One way you can achieve this is to also write an enum alongside your event types:

import { makeEventEmitterClass } from 'events.ts'

// define the event names and their payloads:
type EventTypes = {
  SOME_EVENT: number
  OTHER_EVENT: string
  ANOTHER_EVENT: undefined
  READONLY_EVENT: ReadonlyArray<number>
}

// define an enum so we don't have to pass string literals into API calls
enum Events = {
  SOME_EVENT: number
  OTHER_EVENT: string
  ANOTHER_EVENT: undefined
  READONLY_EVENT: ReadonlyArray<number>
}

// parens required, because EventEmitter is a factory that returns a class
const EventEmitter = makeEventEmitterClass<EventTypes>()
const emitter = new EventEmitter()

emitter.emit(Events.SOME_EVENT, 42) // autocompletion works well

(playground example)

But you may notice that if the list of event names gets long, that you'll now have two lists of events: one for the types, and one for the enum. You might rather have things be DRY and only mention each event name exactly once instead of mentioning each event name three times. There a way to do that using a class hack.

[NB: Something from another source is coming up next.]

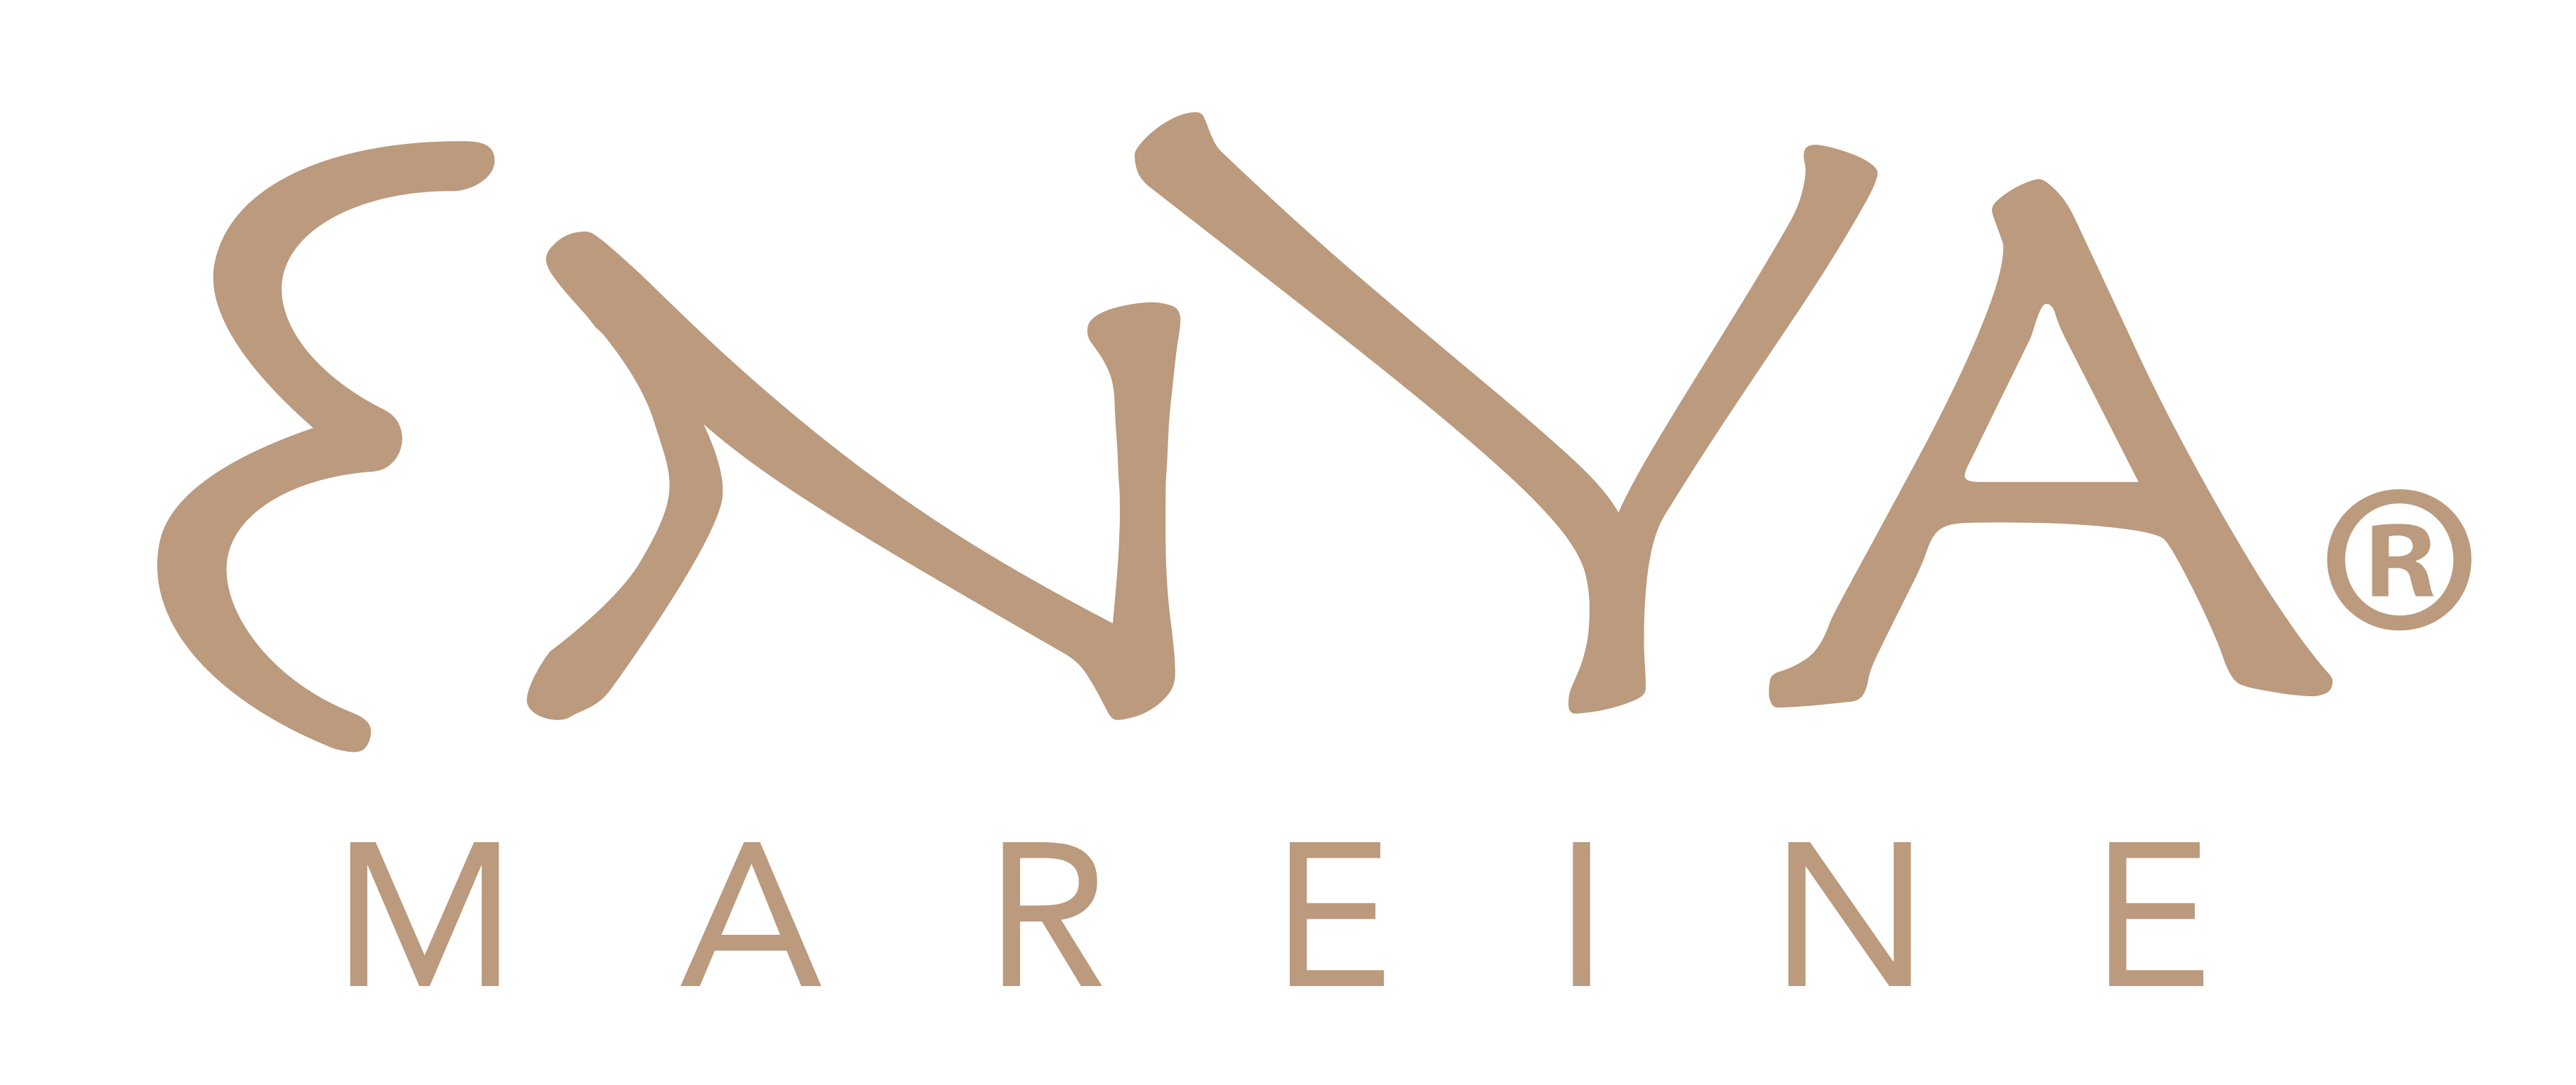 Enya Logo - Enya Mareine Wedding Blog

The above example becomes:

import { makeEventEmitterClass } from 'events.ts'

// define all event names and types in a class as constructor args:
class EventTypes {
  constructor(
    public SOME_EVENT: number,
    public OTHER_EVENT: string,
    public ANOTHER_EVENT: undefined,
    public READONLY_EVENT: ReadonlyArray<number>,
  ) {}
}

// Make an empty Events object, which will be like an enum
const Events = {} as { [k in keyof EventTypes]: k }

// loop on the keys of a dummy EventTypes instance in order to create the
// enum-like Events object keys.
for (const key in new (EventTypes as any)()) {
  Events[key] = key
}

// parens required, because EventEmitter is a factory that returns a class
const EventEmitter = makeEventEmitterClass<EventTypes>()
const emitter = new EventEmitter()

emitter.emit(Events.SOME_EVENT, 42) // autocompletion works well

(playground example)

Caveats

  • Due to how TypeScript works, it is not possible to implement this feature as strictly a type declaration file. It requires runtime output in the form of a class, and thus can not be simply merged into @types/node. See the bottom of src/index.ts to see the part that is required and which emits the runtime code.

  • To keep things DRY, you will have to make a dummy class hack like in the last example.

  • Symbols for event names are not currently supported.

  • Multiple event payload arguments are not currently supported.

    The following,

    emitter.emit('foo', singleArg)

    is supported, but

    emitter.emit('foo', arg1, arg2, arg3)

    is not yet possible.

TODO

  • [ ] Support Symbol event names (how?)
  • [ ] Support multiple event payload args (how?)